I was hired at CSULB under
the presidency of Stephen Horn. He went on to become a Long Beach Congressman,
and died on Feb 17, 2011, at age 79 from complications of Alzheimer’s Disease.
Since then, I’ve followed news items on the disease, and watched a friend
succumb and die from it.
In a way, I’ve become obsessed with memory loss; I fret when I
can’t remember names, titles of books and movies, and here have gathered my
thoughts on the subject (before I forget).

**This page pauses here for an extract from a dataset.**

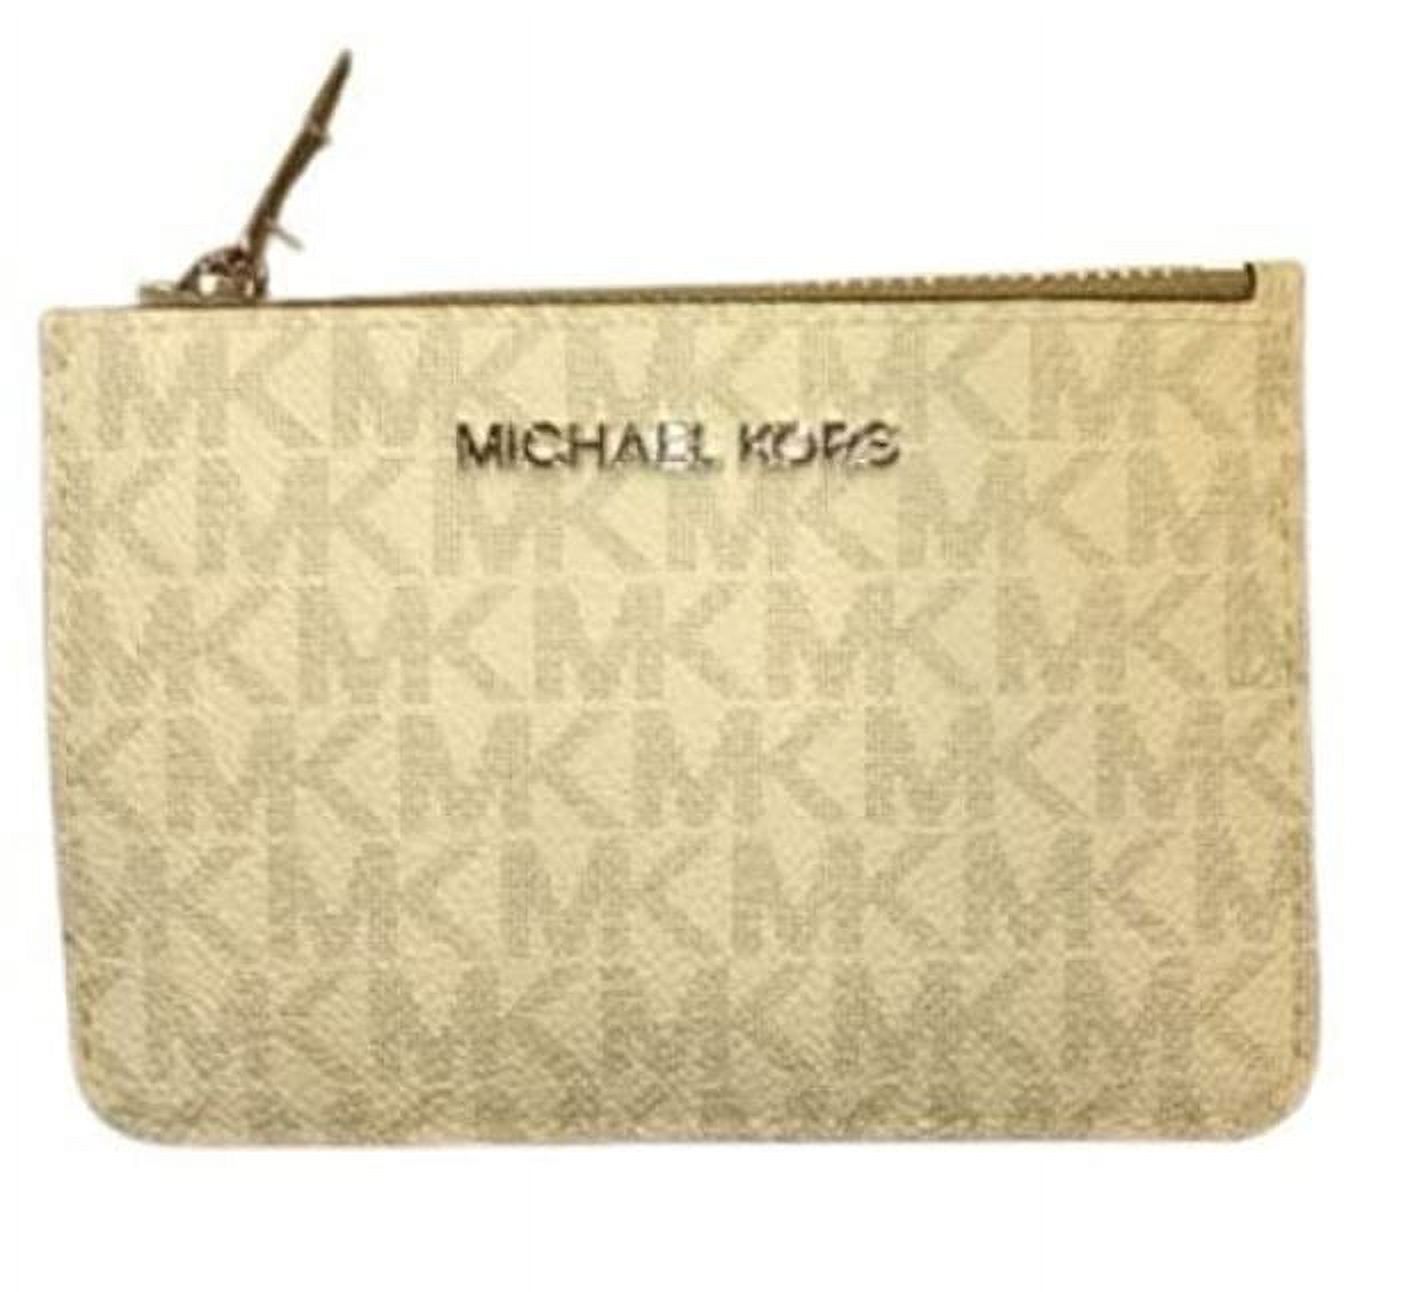 Michael Kors Womens Jet Set Travel Small Top Zip Coin Pouch (Bright White) MK Signature - image 1 of 3

This essay looks at three ways of talking about memory: as
identity, therapy, and epiphany. As identity memory faces skepticism that casts
doubt on whether a particular memory did take place. As therapy, its
effectiveness will also be called to question; how does it deal with memory
loss caused by dementia? And as epiphany, its insight or revelation will also
be questioned; is it “truth"? Such is the nature of discourse on a topic
that has many sides — positive and negative — and makes debate possible and
interesting.
Do men and women differ in how they
remember things? Perhaps, it isn't a difference of gender but upbringing — the
circumstances of one’s birth, its place and time, and growing up to adulthood.
Memory is the
process of taking in information from the world around us, processing it,
storing it, and later recalling that information, sometimes many years later. Human
memory is often likened to that of a computer memory system or a filing
cabinet. Memory is essential to our everyday conduct — waking up on time to
prepare for work, gathering documents needed at work, checking that the car has
enough fuel, etc. Our everyday memory is essential to our self-knowledge. We
know what we remember and act on them.
Families share memories at mealtime, in a
gathering of members and relatives; these interactions create family memories.
They reside in a country that defines their identity and ethnicity — different
groups of people that constitute its citizenry. Thus, the Philippines is
distinct from Vietnam and the United States distinct from the European Union.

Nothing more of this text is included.